Land of Bad is a consistently tense and engaging action thriller that overstays its welcome.

The Avenue

While Land of Bad doesn’t ultimately have much to say about its characters’ stories, the film knows how to use its cast. Liam Hemsworth proves to be surprisingly well-cast as Kinney, who spends much of the film frightened and unable to mask it. The actor isn’t quite as convincing when he’s asked to sell Kinney’s inevitable transformation into a battle-worn warrior, but that’s partly due to the performances given by Ventimiglia, Whittle, and Hemsworth’s brother, Luke, all of whom embody their tough-guy characters so completely that it feels, at times, like they must have mistakenly wandered off the set of one of Guy Ritchie’s recent thrillers.

They’re all outshined, though, by Crowe, who doesn’t share a single scene with any of them but nonetheless emerges as Land of Bad’s most powerful weapon. It’s unclear how much Crowe is actually enjoying the current, B-movie period of his career (see also: The Pope’s Exorcist, Unhinged, Poker Face), but nearly every one of the mid-budget thrillers he’s starred in as of late has served as yet another reminder of his own charisma and star power. The Oscar winner spends most of Land of Bad staring at a computer screen, but he fills his character with enough charm and relatable frustration that it never feels like a chore when Eubank cuts away from Kinney’s action-packed odyssey and back to him.

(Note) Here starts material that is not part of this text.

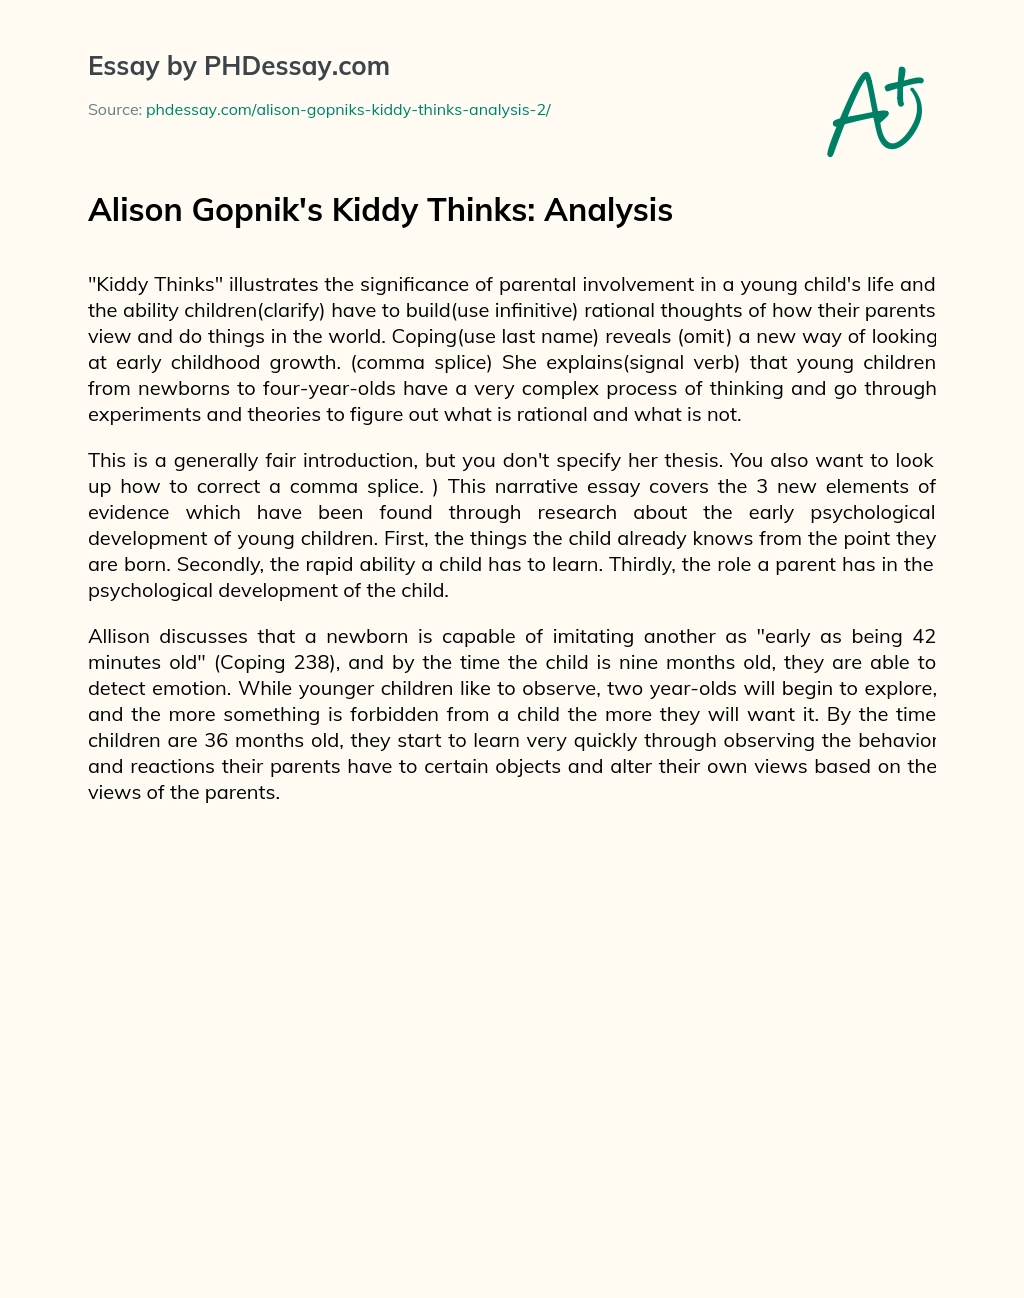 Alison Gopnik’s Kiddy Thinks: Analysis essay

Russell Crowe steals the show in Land of Bad.

The Avenue

Reaper and Kinney’s relationship is endearing enough that you buy the former’s growing attachment to the latter, but that just makes it all the more disappointing when Land of Bad swaps out their moments of remote bonding and Kinney’s desperate attempts to make it home in favor of grimy, dime-a-dozen torture scenes. The film’s script, which Eubank co-wrote with David Frigerio, spends part of its final third trying to address the unavoidable but unnerving political vagueness of its story by throwing out a handful of cringe-worthy, underbaked references to real-world events.

These moments don’t add anything to the film. On the contrary, they just make one wish even more that it had remained content with being nothing more than a bare-bones military thriller. If it had, it might have been far more memorable. Does that make Land of Bad a complete misfire? No, but it does undoubtedly miss the mark quite a bit when it counts the most.

Land of Bad hits theaters Friday, February 16.